That tells us which trees are viable, but we still need to incorporate the cost function. That is where the edges from the right numbers to the sink come in. A (non-root) vertex starts with a cost of 1, then adding more children increases the cost by 3, 5, 7, ... Thus, we set the costs of the edges from each number to the sink to this sequence. Similarly, the costs of the edges from the root to the sink have costs 1, 3, 5, 7, ... The min-cost max-flow will automatically ensure that the cheaper edges get used first, so the cost of the flow will match the cost of the tree (after accounting for the initial cost of 1 for each number, which can be handled separately).


This one requires a fairly solid grasp on linear algebra and vector spaces. The set with \(2^k\) elements is a vector subspace of \(\mathbb{Z}_2^N\) of dimension k, for some unknown N. It will have a basis of size k. To deal more easily with ordering, we will choose to consider a particular canonical basis. Given an arbitrary initial basis, one can use Gaussian reduction and back propagation to obtain a (unique) basis with the following property: the leading 1 bit in each basis element is a 0 bit in every other basis element. With this basis, it is not difficult to see that including any basis element in a sum will increase rather than decrease the sum. The combination of basis elements forming the ith sorted element is thus given exactly by the binary representation of i.

We can now take the information we're given an recast it is a set of linear equations. Furthermore, we can perform Gaussian elimination on these linear equations (which we actually do in code, unlike the thought experiment Gaussian elimination above). This leaves some basis elements fixed (uniquely determined by the smaller basis elements) and others free. Because of the constraints of the basis elements, we also get some more information. If basis i appears in an equation, its leading bit must correspond to a 1 bit in the value (and to the first 1 bit, if i is the leading basis in the equation). Similarly, if basis i does not appear, then it must correspond to a 0 bit in the value. This allows us to build a mask of where the leading bit for each basis element can be.
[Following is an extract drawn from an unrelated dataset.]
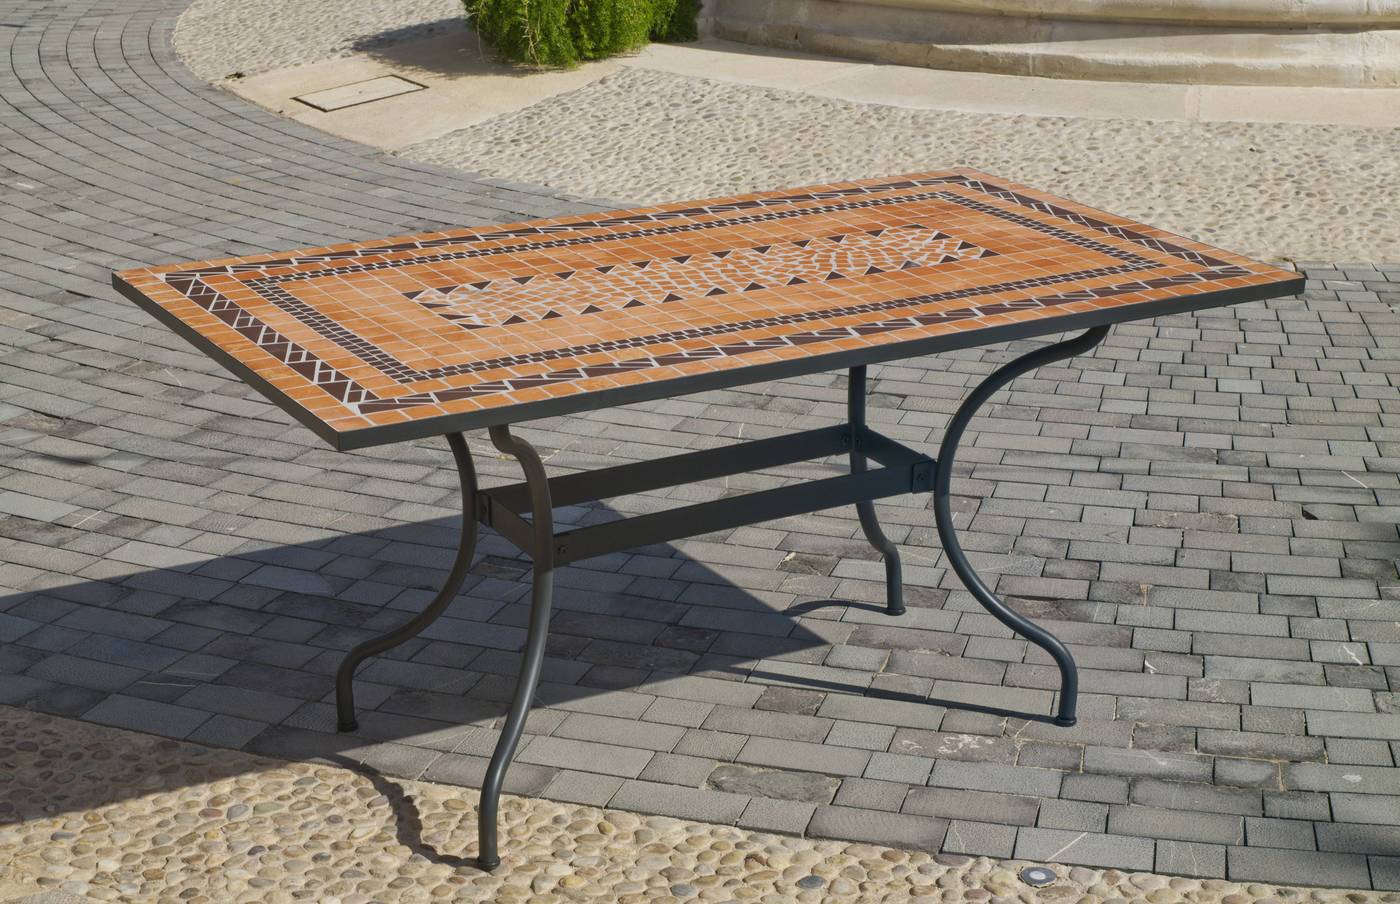 Set Mosaico Liborne-Bergamo 150-4 - Conjunto de forja color bronce: Mesa rectangular de acero forjado, con tablero mosaico de 150 cm. + 4 sillones con cojines

We now switch to dynamic programming to complete the count. We count the number of ways to assign the first B basis elements using the first C value bits. Clearly dp[0][C] = 1. To add new basis, we can consider the possible positions of its leading bit (within the low C bits), and then count the degrees of freedom for the remaining bits. If the basis is fixed then there is 1 degree of freedom; otherwise, there is a degree of freedom for each bit that isn't the leading bit of a previous basis, and it is easy to count these.

There are a few details that remain to do with checking whether there are an infinite number of solutions (which can only happen if the largest basis is unconstrained), and distinguishing between a true 0 and a 0 that is actually a multiple of 1000000007, but those are left as exercises for the reader.

Sunday, November 20, 2016

Topcoder Open 2016 Semifinal 1

Here are my solutions to the first semifinal of the TCO 2016 algorithm contest.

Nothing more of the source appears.